Suburbis (from Catalan, "Suburbs") is a composition for solo piano by Catalan composer Federico Mompou.

== Background ==
Suburbis was written in Barcelona, after he fled Paris following the start of World War I in 1914. It was composed throughout a biennial period: Gitanes I, La cegueta, and L'home de l'aristó were all composed in 1916, while El carrer, el guitarrista i el vell cavall and Gitanes II were finished in 1917. Heavily inspired by the barris of Barcelona, Mompou described the piece as follows:

They are the suburbs, the neighborhoods of the city ends. This idea belongs, like my Children's Scenes, to the time of my great walks on the outskirts of Barcelona.
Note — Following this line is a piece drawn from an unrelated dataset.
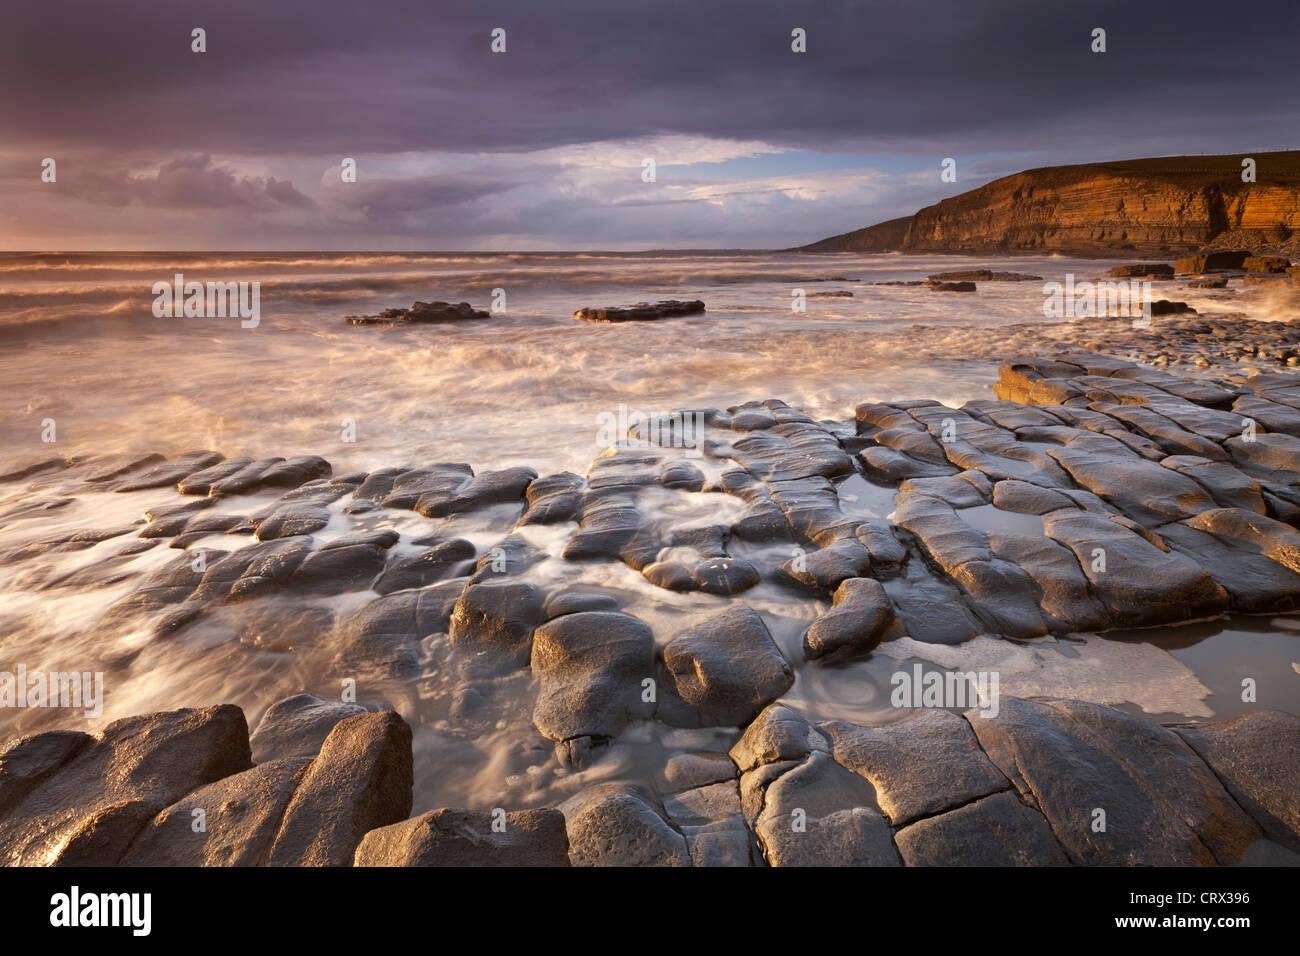 Dunraven Bay auf der Glamorgan Heritage Coast, South Wales. Winter (Dezember) 2011. Stockbild

Days of sun and rain, cold or hot days, in the morning or afternoon.
— Federico Mompou

The titles reflect Mompou's intention of portraying his immediate surroundings. The first piece portrays a popular barri of the city in the evening, when the workers leave the factories, and a guitarist plays a waltz. At the end, the gait of an old horse limping is presented. In the case of the gitanes, he specified that he was not referring to the Lisztian Hungarian type, but the Spanish gitano community, which he presents in a positive light, as opposed to the "vulgar Hungarian tziganes that are running through these worlds." In the case of the last piece, L'home de l'aristó, Mompou attempts to present a scene where a man with a long white beard plays the ariston, a type of handgrip organ with bellows created in 1877 by Paul Ehrlich that became very popular in Europe in the early 1900s.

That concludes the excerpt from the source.